Maplerad, a Nigerian banking-as-a-service startup has secured $6 million in its seed funding round. The funding round was led by Peter Thiel’s Valar Ventures, making it the VC’s third investment in an African startup, after Kuda and Yellow Card. Other participants in the seed funding round include; Fintech Fund, Armyn Capital, Dunbar Capital, Strawhat Investment, Polymath Capital Golden Palm Investment Corporation, MyAsiaVC, Unpopular Ventures, Sean Mahsoul, former COO of Venmo Michael Vaugh, Kuda’s CEO Babs Ogundeyi, and the startup’s own founders. The startup is coming out of stealth following the funding round. Maplerad’s valuation now stands at $30 million, according to sources. Its founders, however, failed to make a comment on the company’s valuation.
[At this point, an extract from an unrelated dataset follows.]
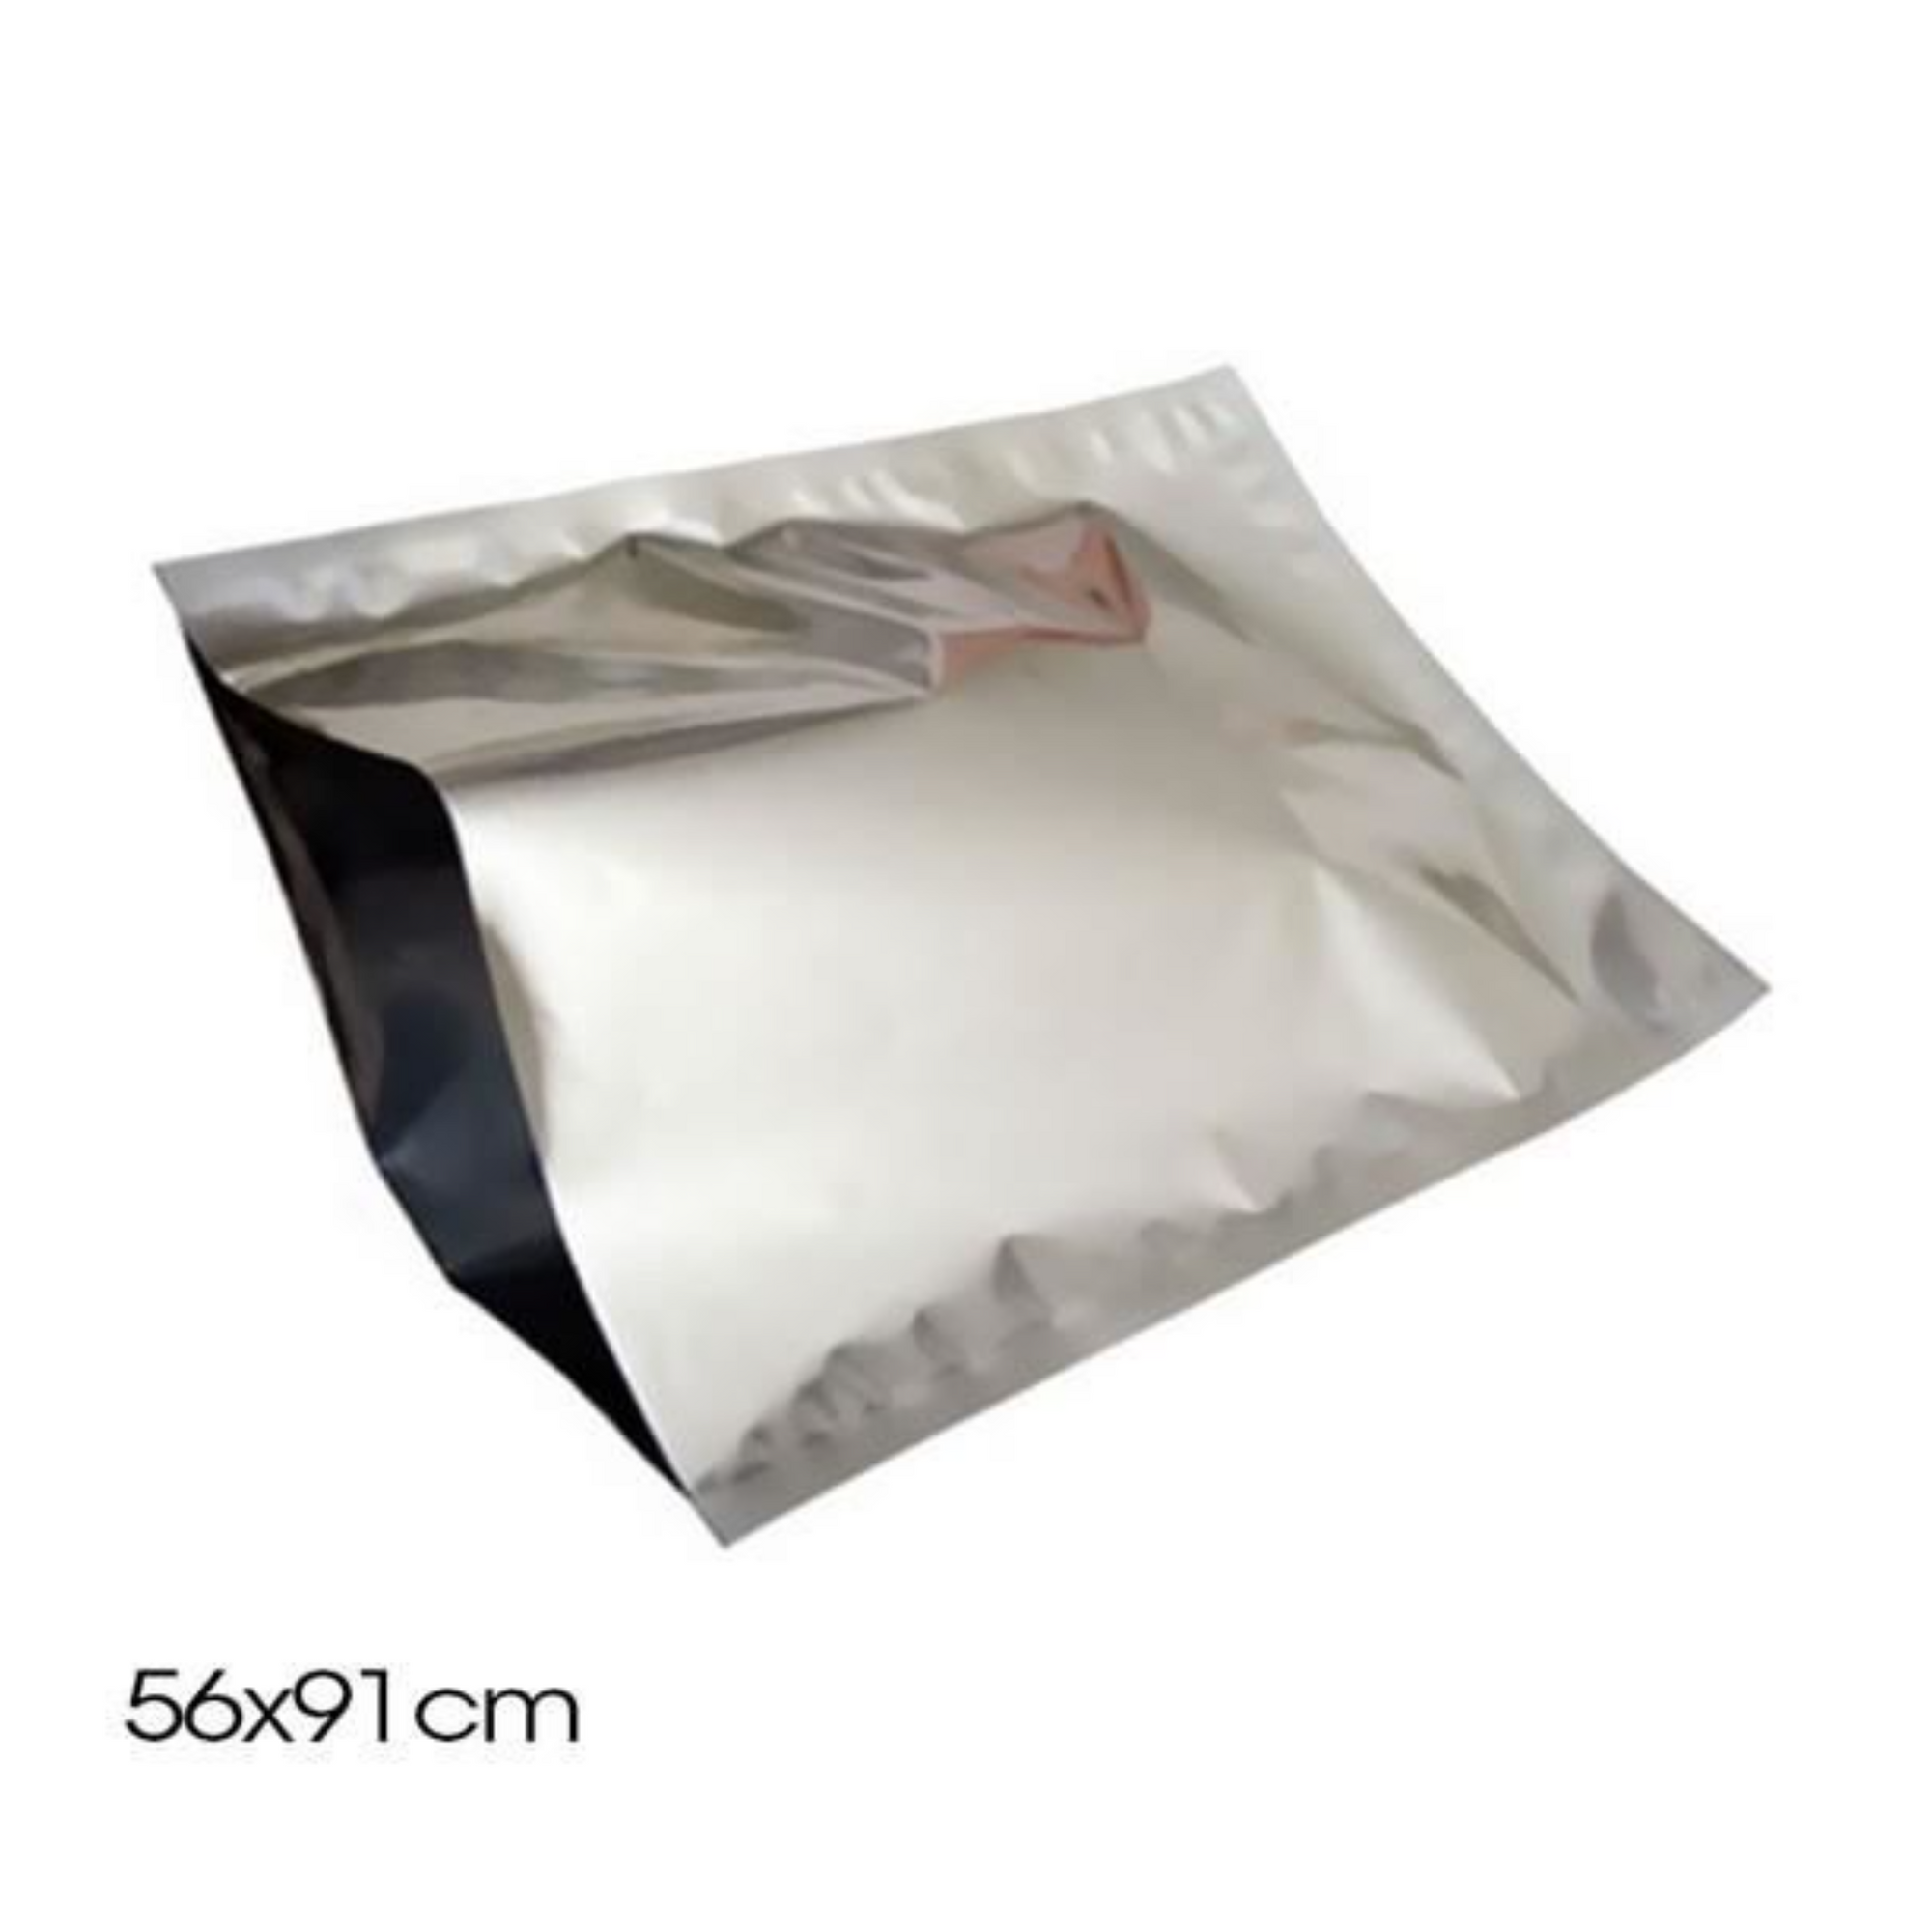 Aluminum pouch 56*91 cm Heat sealable

Maplerad was founded by Miracle Anyanwu and Obinna Chukwujioke who describe the startup as a global BaaS player targeted at Africa. It launched its first product called Wirepay in 2020. Wirepay allows users to make cross-border payments using fiat money and cryptocurrency. Wirepay has now evolved into a self-acclaimed all-in-one finance product – users can use the product to send, receive, hold, make payments, pay bills, etc., using multiple currencies. They can also create virtual cards and request physical cards linked to their accounts.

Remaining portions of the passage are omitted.